Not bitter, just unsweetened
If NDP sided with the conservatives, all those NDP votes would then go to the liberals further increasing their power lol

the main reason wynne won was because the conservatives and NDP were running terrible campaigns. just remember... 1 million new jobs... (for a province with half a million out of work)
 

DopeyFish

Not bitter, just unsweetened
*1.1 million

let's again remind ourselves that baby boomers are going to start retiring soon and we're going to have a massive labor shortage

projections of 200,000 jobs with no one to hire (in ontario alone)... but let's promise to add a million more because why not
 

Zzoram

Member
Horrible Ontario PC party. Horrible. Can't help but lose elections.

Mike Harris was the notorious Ontario PC leader who privatized a lot of government assets in a fire sale, amalgamated the suburbs around Toronto into Metro Toronto (eventually resulting in Rob Ford getting elected mayor by offering to cut a $60 car tax and to cancel a downtown LRT transit plan that won him all the suburb wards while losing all of downtown Toronto), and laid off thousands of teachers and nurses to afford tax cuts. Mike Harris also "downloaded" a lot of costs to municipalities that used to be paid for by the province to pay for personal and business income tax cuts, causing local property taxes to go up to compensate. To be fair, the economy in Ontario did improve a lot under Mike Harris, so maybe some of his tax cuts helped.

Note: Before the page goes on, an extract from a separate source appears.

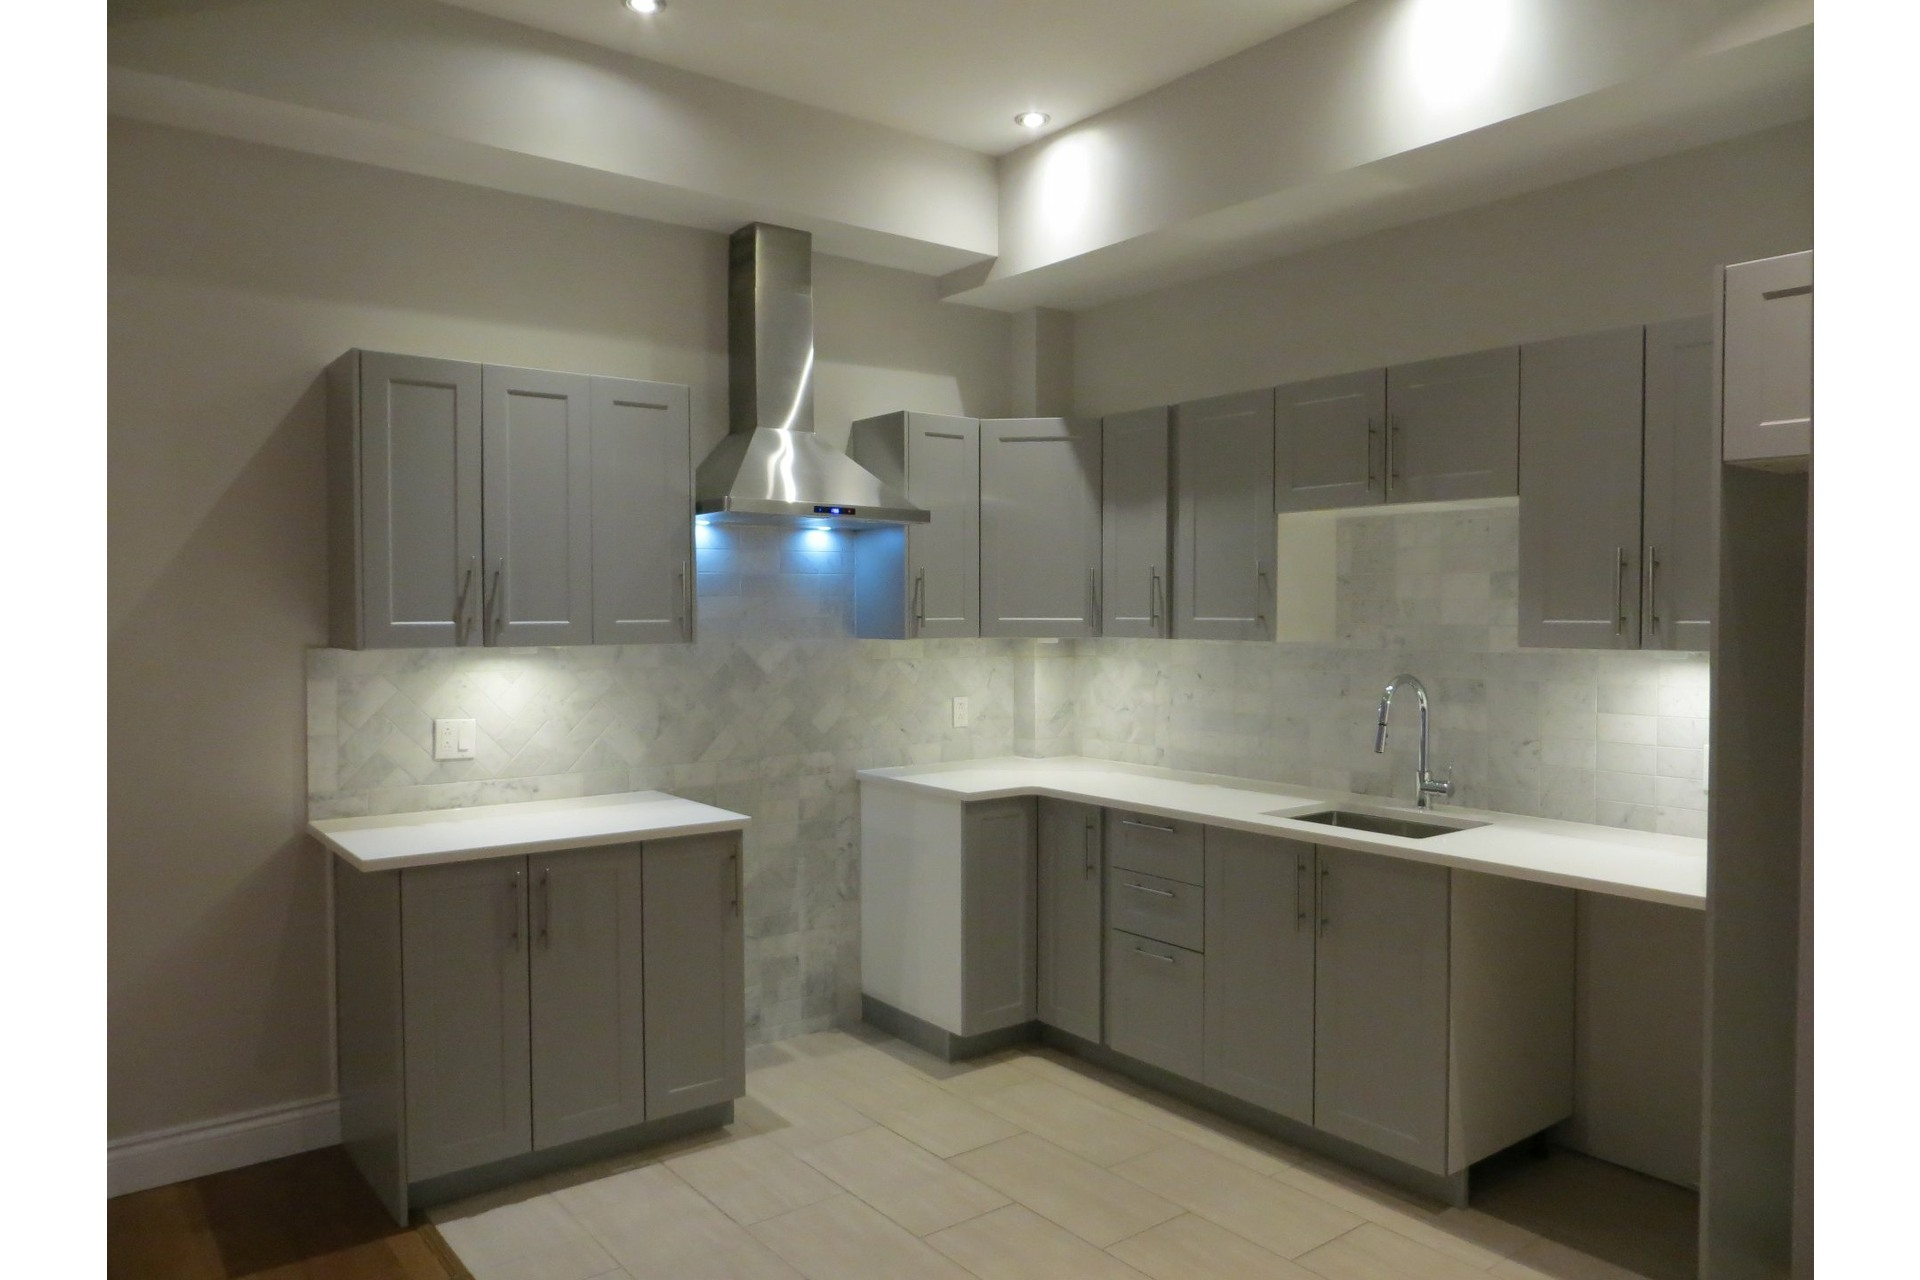 image 23 - Appartement À vendre Côte-des-Neiges/Notre-Dame-de-Grâce Montréal  - 5 pièces

After stepping down, Mike Harris' replacement Earnie Eaves became infamous for saying then Liberal Leader Dalton McGuinty had a pointy head, then losing the election with strong union opposition.

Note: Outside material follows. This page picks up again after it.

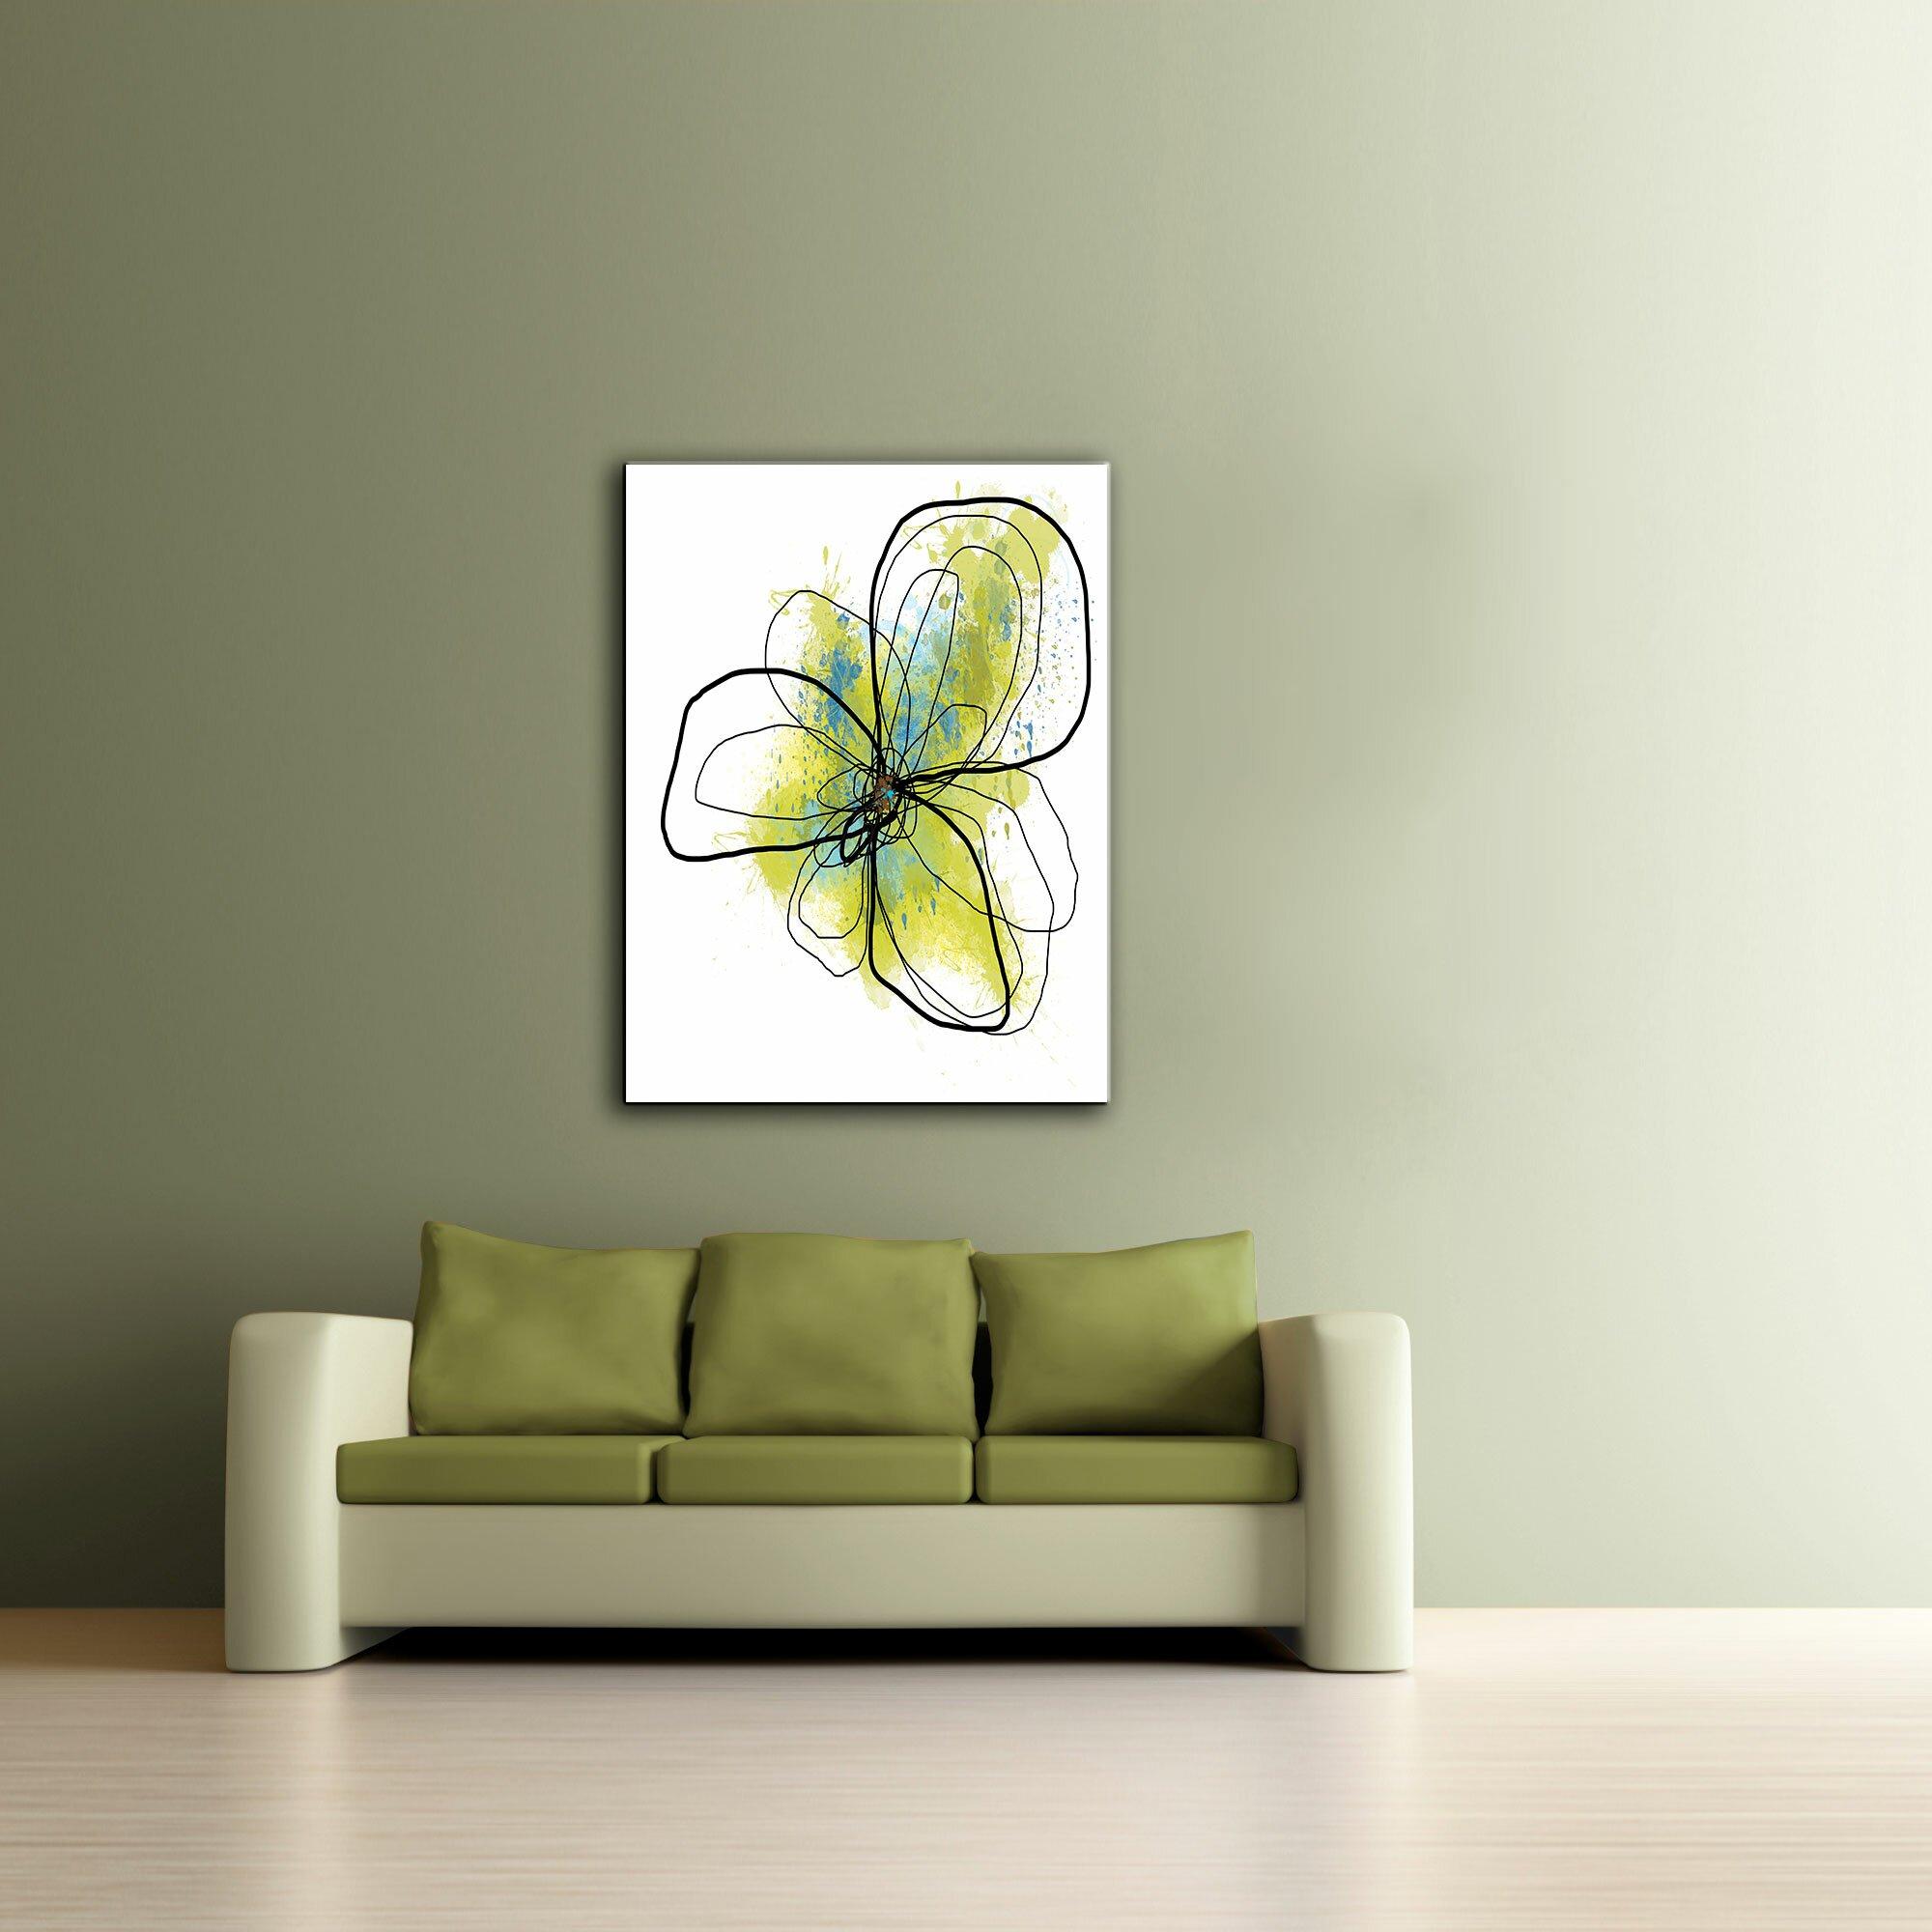 ArtWall ArtApeelz 'Citron Petals II' by Jan Weiss Graphic ...

John Tory lost an easy win election against Dalton McGuinty's scandal plagued government by announcing that he would give everyone the ability to opt out of public school and take their vouchers to private religious schools. Most Canadians recognize that public schools are the reason our society works, they allow people of all different socioeconomic, racial, religious and cultural backgrounds to mingle and learn not to fear each other. School vouchers would inevitable lead to an extremely segregated society.

The next PC leader Tim Hudak lost an easy win against Kathleen Wynne who inherited Dalton McGuinty's scandal plagued government that paid over $1 Billion in penalty fees to cancel unpopular gas power plants to win 2 MP risings, by announcing that he would cut 100,000 government jobs and somehow create 1 Million private sector jobs in the process. People got scared of the cuts and as others have mentioned previously, there was nowhere close to 1 Million unemployed people in the province.

New PC leader Patrick Brown is against abortion, against same-sex marriage, and against sex education in schools. The Ontario PCs went from a serious of fiscal conservative leaders to now a social conservative leader, in the most diverse province in Canada, that just gave a majority government a lesbian woman Premier introducing a new sex education curriculum that acknowledges the existence of homosexuality, masturbation and oral sex. The optics on Patrick Brown vs. Kathleen Wynne are definitely not in the favour of the PC, who risk coming out of the next election looking like bigots. The Ontario PC already kinda look bigoted, with one of their MPs emphatic that Kathleen Wynne was especially unsuited for changing sex education, even though she was a teacher and education minister, the implication being that her being lesbian should disqualify her from changing sex education. Also, Stephen Harper ran an anti-Muslim federal Conservative campaign in the final weeks of the federal election, which will only further tarnish the Ontario PCs reputation with new Canadians.